超新星が現れた。育成出身左腕のDeNA砂田毅樹投手(19)が5回4安打無失点でプロ初勝利を飾り、チームを今月初のAクラス3位に引き上げた。6月に支配下登録後、初登板した際は、中畑清監督(61)から「ダメもとでいい」と言って送り出されたが、この日は堂々の投球で赤ヘル打線を封じ込めた。球団史上、10代左腕の勝利は88年の野村弘樹以来27年ぶり。チームも2連勝で4カードぶりの勝ち越しを決め、混セを演出する。

 ウイニングボールを砂田が握りしめた。中畑監督に抱擁されながらカメラのストロボを全身で浴びる。「うれしいです。とりあえず、一安心です。もっと早く勝てたかなという思いもあるけど、順調にきていると思います」と初々しく笑った。

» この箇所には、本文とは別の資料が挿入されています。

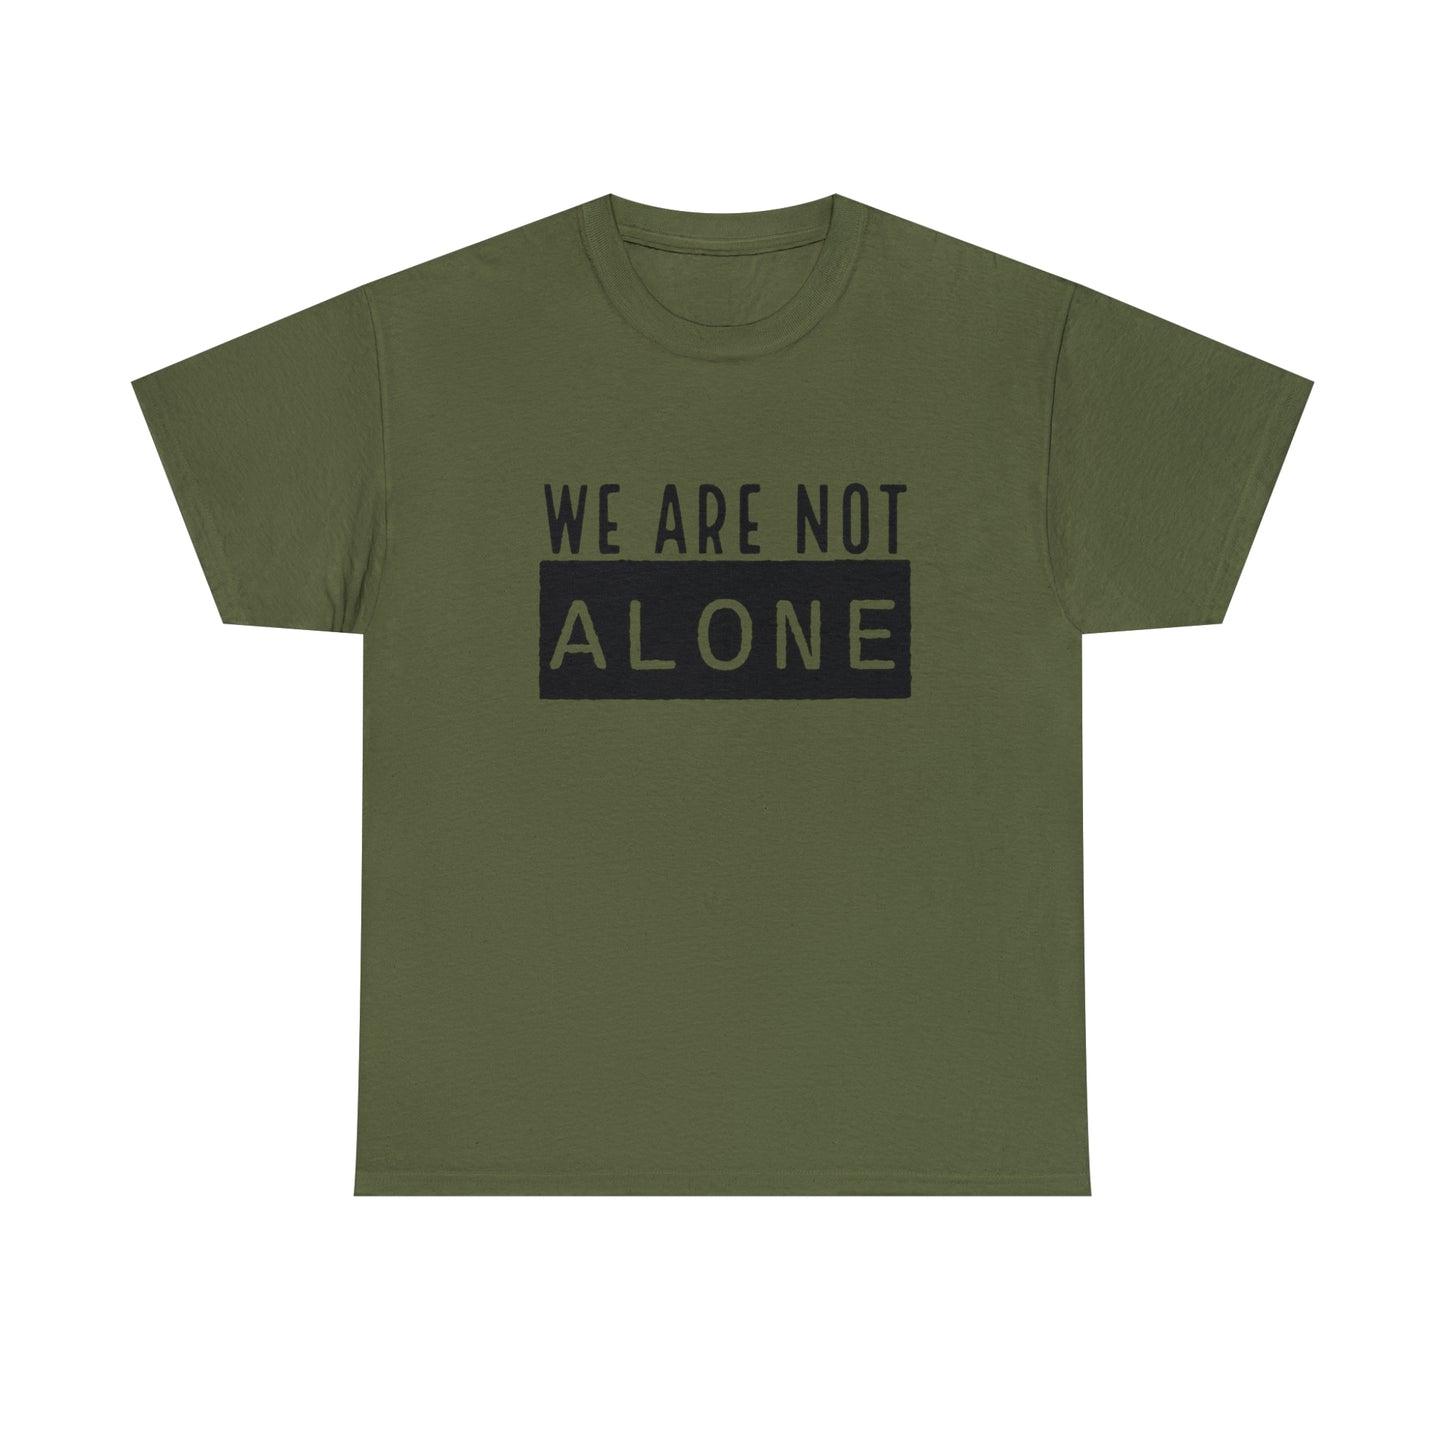 Alien T-Shirt For Not Alone T Shirt For Alien Abduction T Shirt For Conspiracy Shirt For Extraterrestrial TShirt For Outer Space Shirt For Funny Alien Gift

 プロ4戦目の先発マウンドで確かな成長曲線を描いた。「1つ1つの試合で得られるものはたくさんあった。今まで1球に泣いてきているので、今日は甘い球が絶対にないようにと意識した」。1回を除いて毎回走者を背負ったが動じない。要所で決め球のスクリューと、横滑りする独特の直球がさえた。5回を投げ、許した4安打は全て単打。3回は失策も絡んで2死一、三塁のピンチを招いたが、シアーホルツを三ゴロに仕留めた。打っても4回に中前に運んでプロ初安打、初打点と自らを援護した。

 剛速球を持たない高卒左腕は自他共に認める「大人の投球術」を生命線にしている。大ベテランで同じ高卒でプロ入りした三浦から6月下旬の遠征で食事に誘われた。「三浦さんからちょっとだけ褒められたのがうれしかったです」とはにかんだ。そんな19歳に対し、三浦は驚きと感心を口にした。

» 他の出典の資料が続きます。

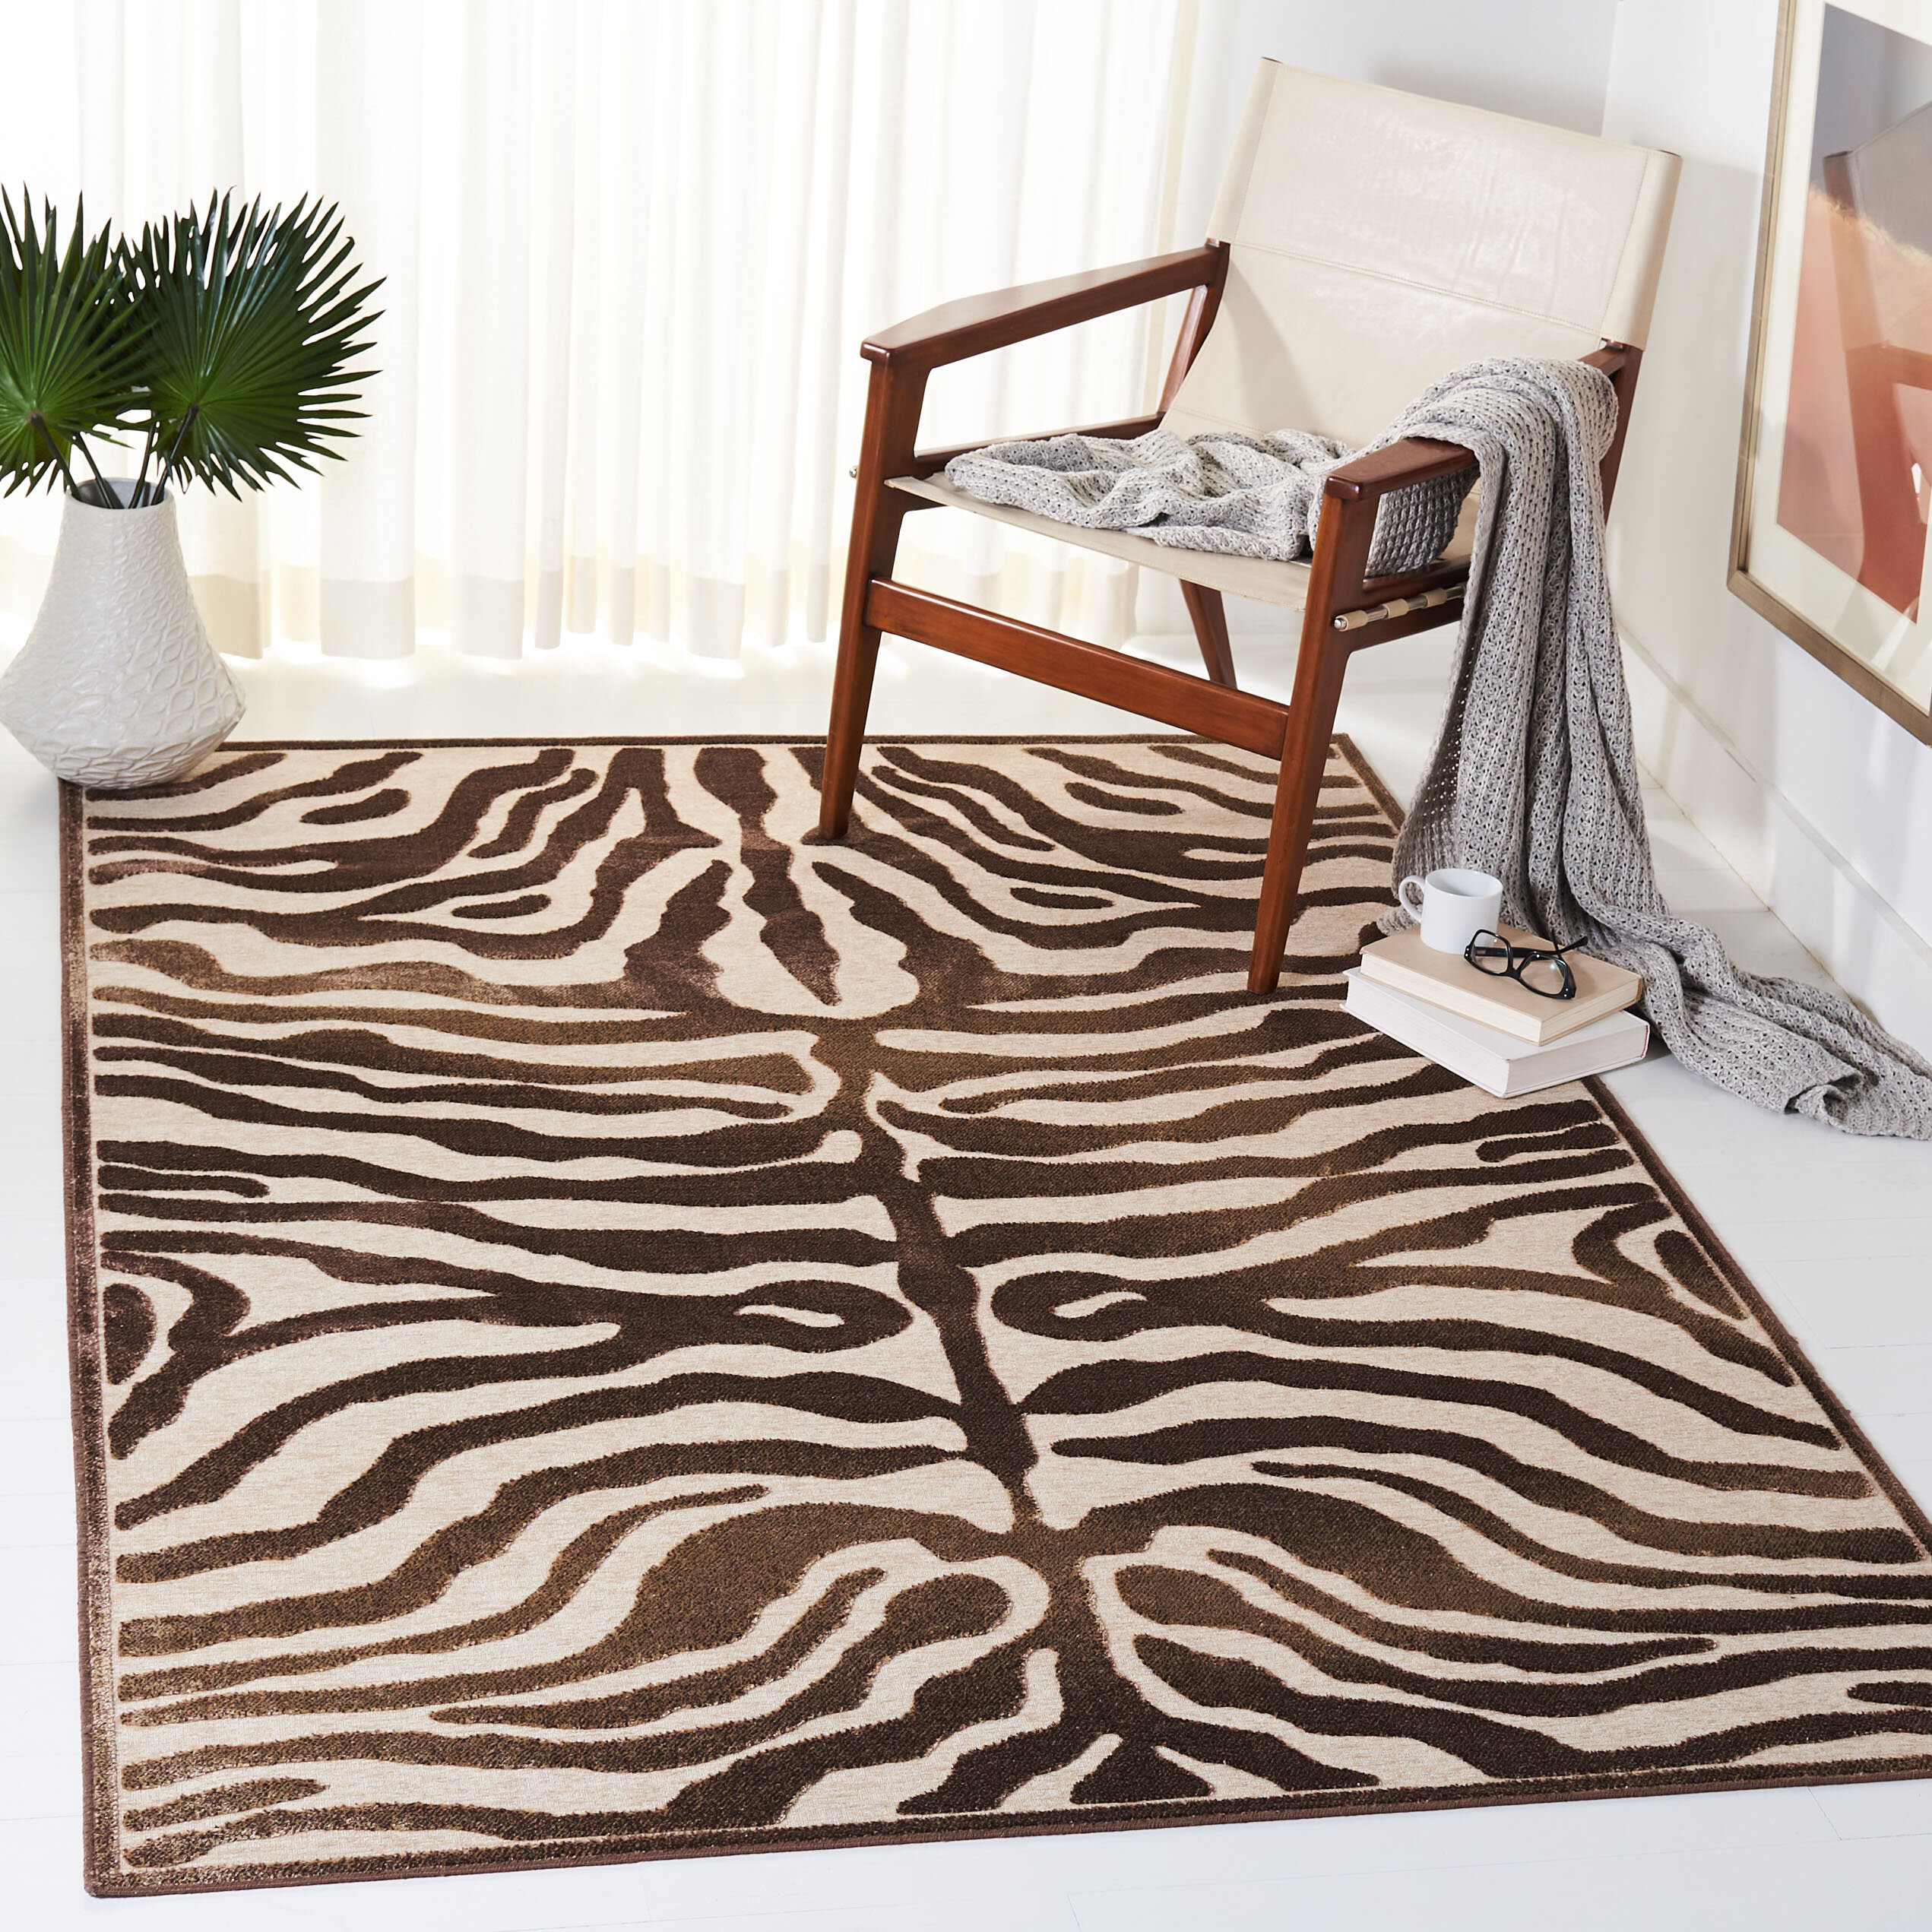 Zebra print animal print carpet

 三浦 俺なんて19歳の頃は「おりゃー」って投げてるだけだったから。俺も砂田もめちゃくちゃ速い球を持っているわけではない。あいつは既に、コースを出し入れして勝負しないといけないという、自分のスタイルを知っている。

 この日も最速138キロの直球を軸球に組み立てた。砂田は「三浦さんからも『ここからが大事』という言葉をもらった。自分でもここからが本当の勝負だと思います」と先を見据えた。持ち味の内角を突く強気の投球が評価され、6月に支配下契約を勝ち取った。チームは先発左腕が昨季1勝もできず今季も未勝利だっただけに、期待は大きい。

 次回は中6日で15日の首位巨人との一戦になる。「次はもう初物じゃない。相手も研究してくる中で、どう対応できるか。しっかりと考えて投げたい」と頭を切り替えた。クレバーな左腕が、混セを勝ち抜く戦力に加わった。【為田聡史】

 ▼13年育成ドラフト1位の砂田がプロ初勝利。育成ドラフトで入団した投手の勝利は、5月3日二保(ソフトバンク)以来14人目。DeNAでは11年10月4日国吉、14年6月22日万谷に次いで3人目。砂田は19歳11カ月。DeNAに限らず育成ドラフトで入団した10代投手の白星は初で、国吉の20歳0カ月を抜く史上最年少勝利。

 ▼DeNAで10代の投手が白星を挙げたのは、06年6月29日巨人戦の山口(18歳11カ月)以来9年ぶり。左腕では88年10月2日広島戦の野村(19歳3カ月)以来チーム27年ぶり。